Episode 6: Amara Tabor-Smith

Learn more about Amara here.

For more extras, click here!


 

Transcription

Extra I:

What's going through my head is you know... Audre Lorde’s, you can't dismantle the Master's house using the Master's tools right? But we got to know what those tools are and we're not clear, and we all live in the Master's house. So like how do we get clear about you know, what dismantling this house looks like and not be using the Master's tools of the urgency of time, of like, it's got to happen today, which is you know, what capitalism is based on is, it’s like, you know, you got to have method, you got to do it now! But like, oh no, the long haul, how are we invested in long haul of.. you know, of shifting this.

Extra II:

I think it's absolutely helped. The Bay Area, geographically, is not small. But I think it's smaller than New York when we think of like, an, you know, an arts community, but I have relationships.
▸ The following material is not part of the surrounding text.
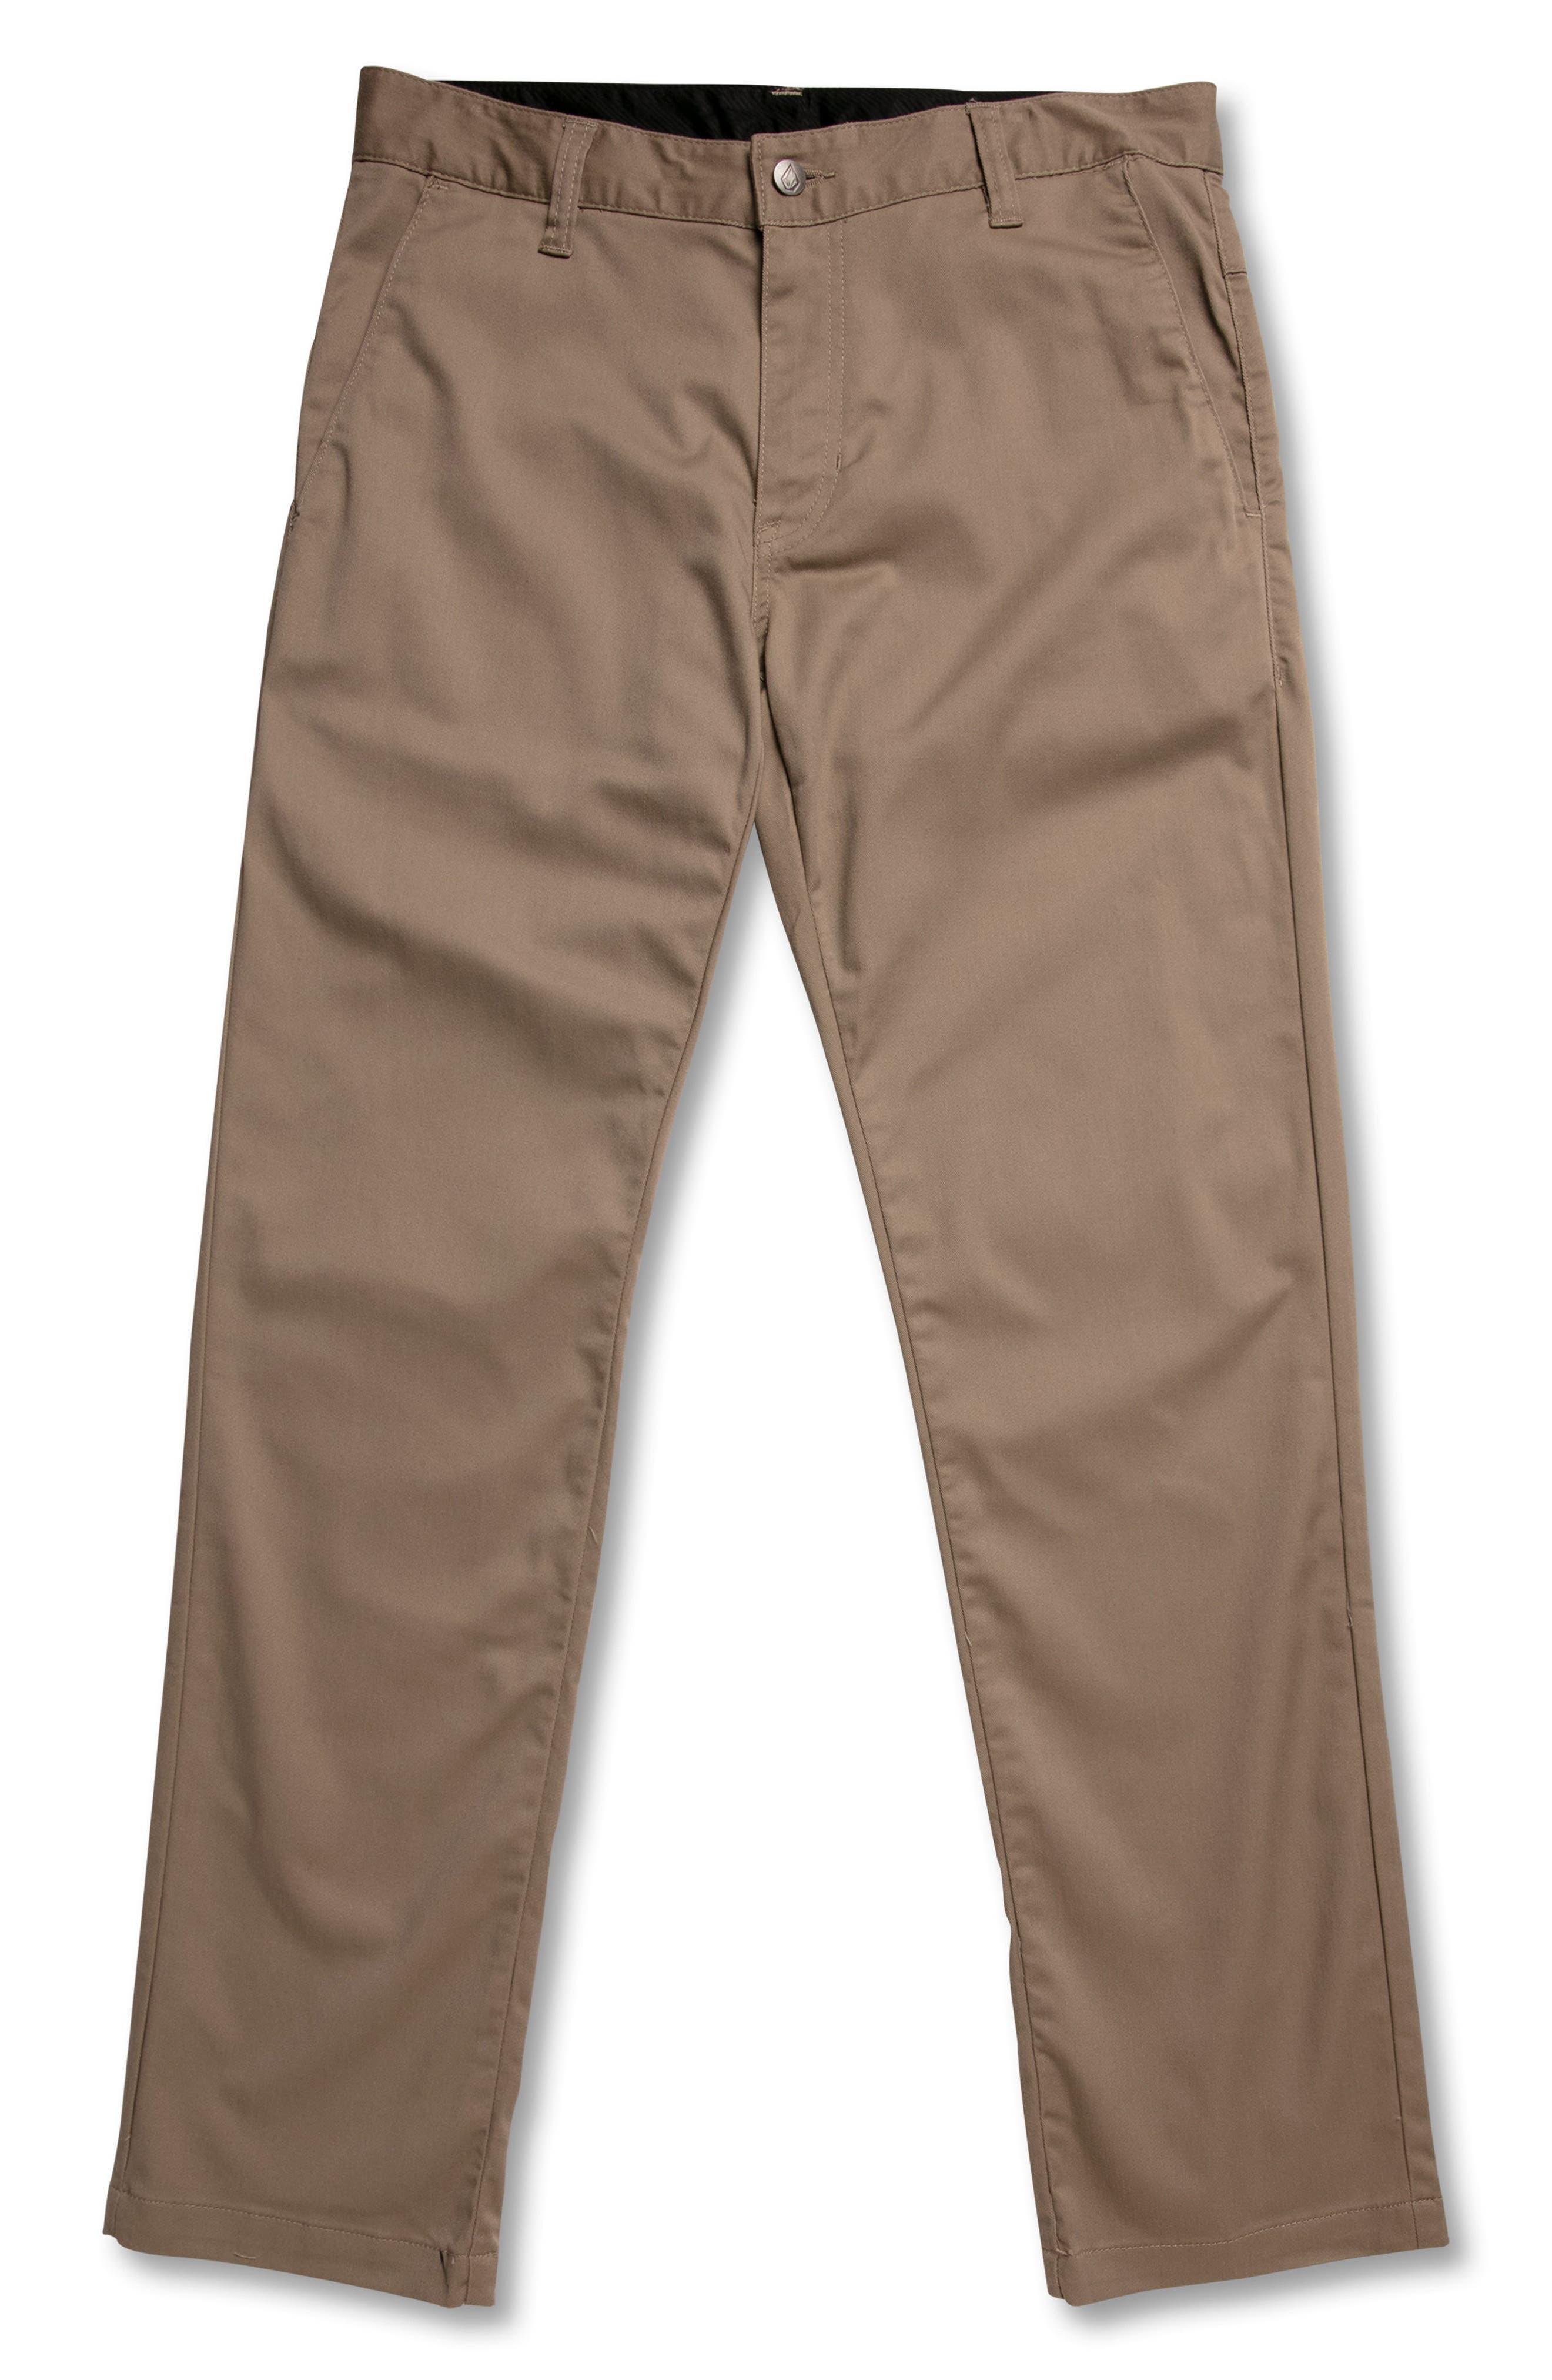 Image of Volcom Monty Slim Fit Pants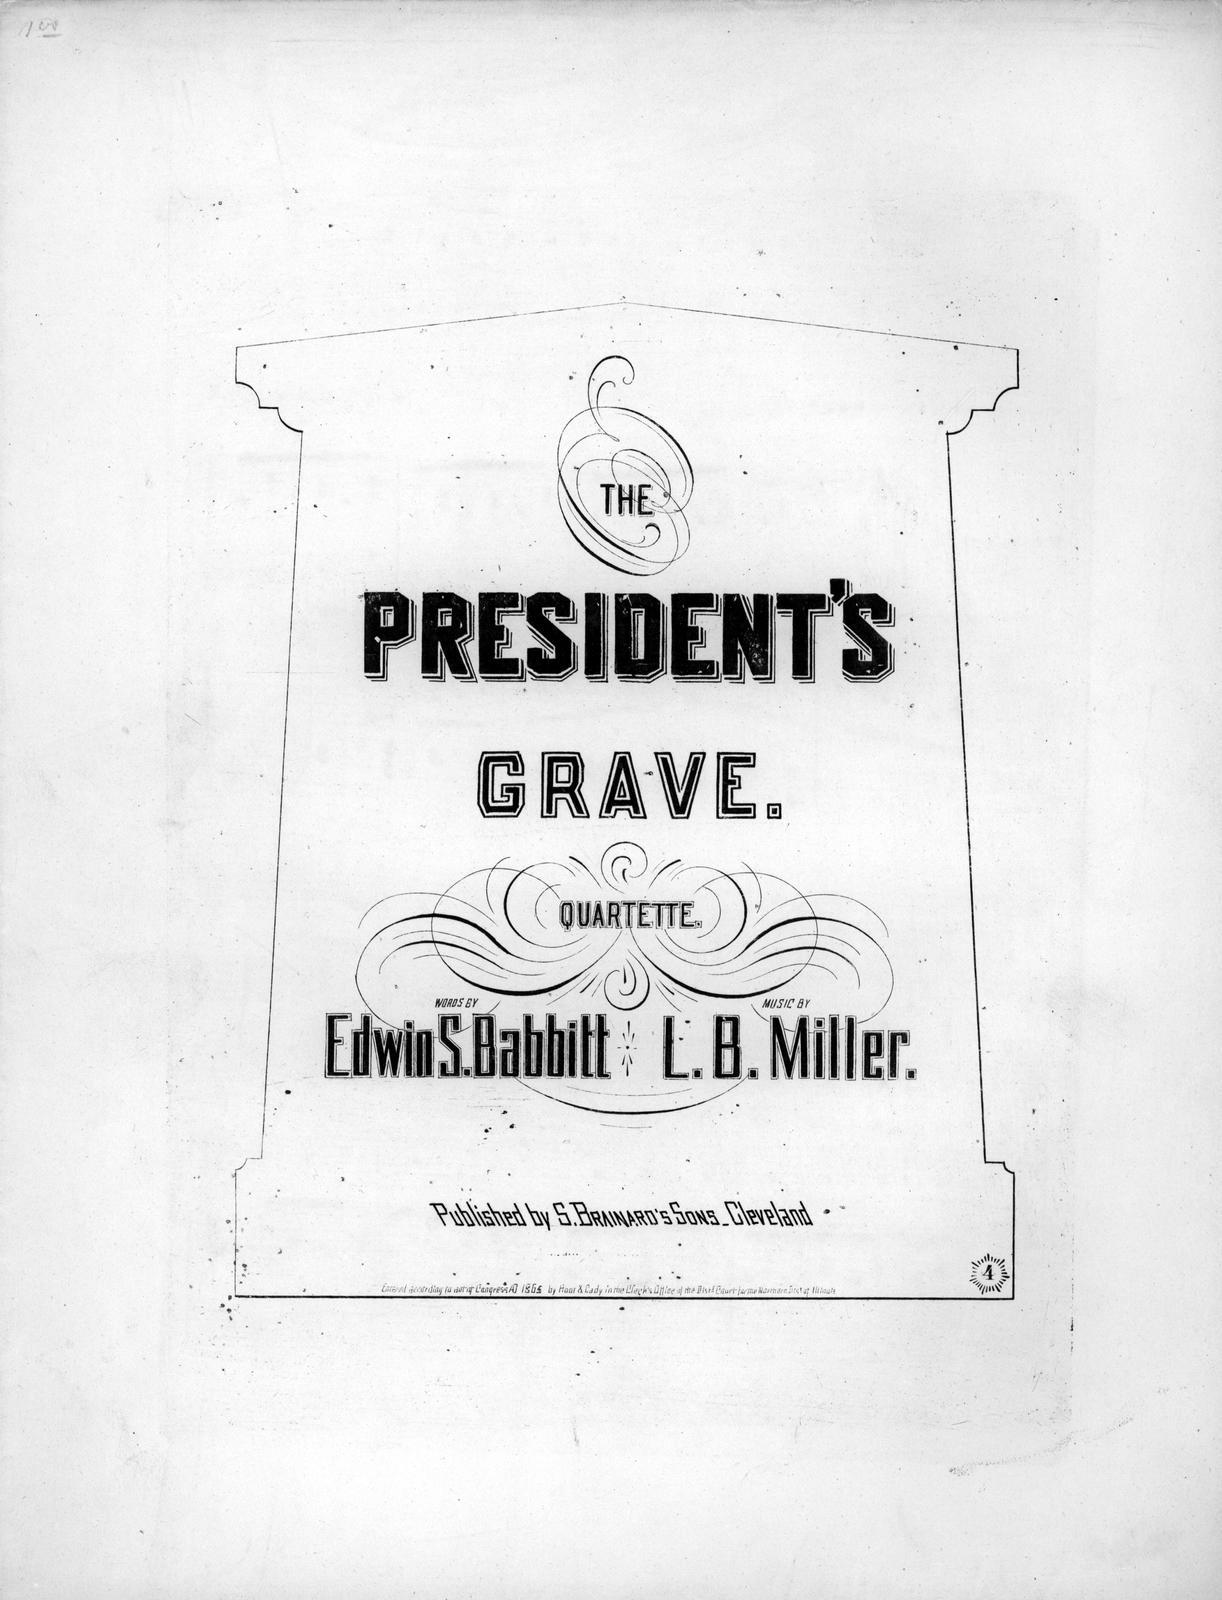 The president's grave: quartette words by Edwin S. Babbitt; music by L.B. Miller.

And that... really that's the other thing that we don't talk about is like the value of cultivating relationships, relationships with people who are funders who come to your work, who you actually are in conversation with, and people that are gonna end up sitting on panels, who know you, so that, you know, in a room, like, sometimes, what shifts even whether somebody gets something or not, is not necessarily based on what's on the paper, but like, oh, no, I know this person's work. I know what they do. So this is where you have advocates who can testify to what you do. So it's not, we're not just, you know, we got to look at their budget, and we got to look at their outline their project and all this, but then, like, the relationships. The thing that keeps me here is that, you know, is the fact that I have relationships with people. People don't know who I am, they know me, you know what I mean? And that's really different. Nationally, people might start to know my name, but they don't know me. And I live in a community where people know me, and they're not all artists. They're, you know, they're all kinds of people. And that means a lot to me, so I think it's really helped.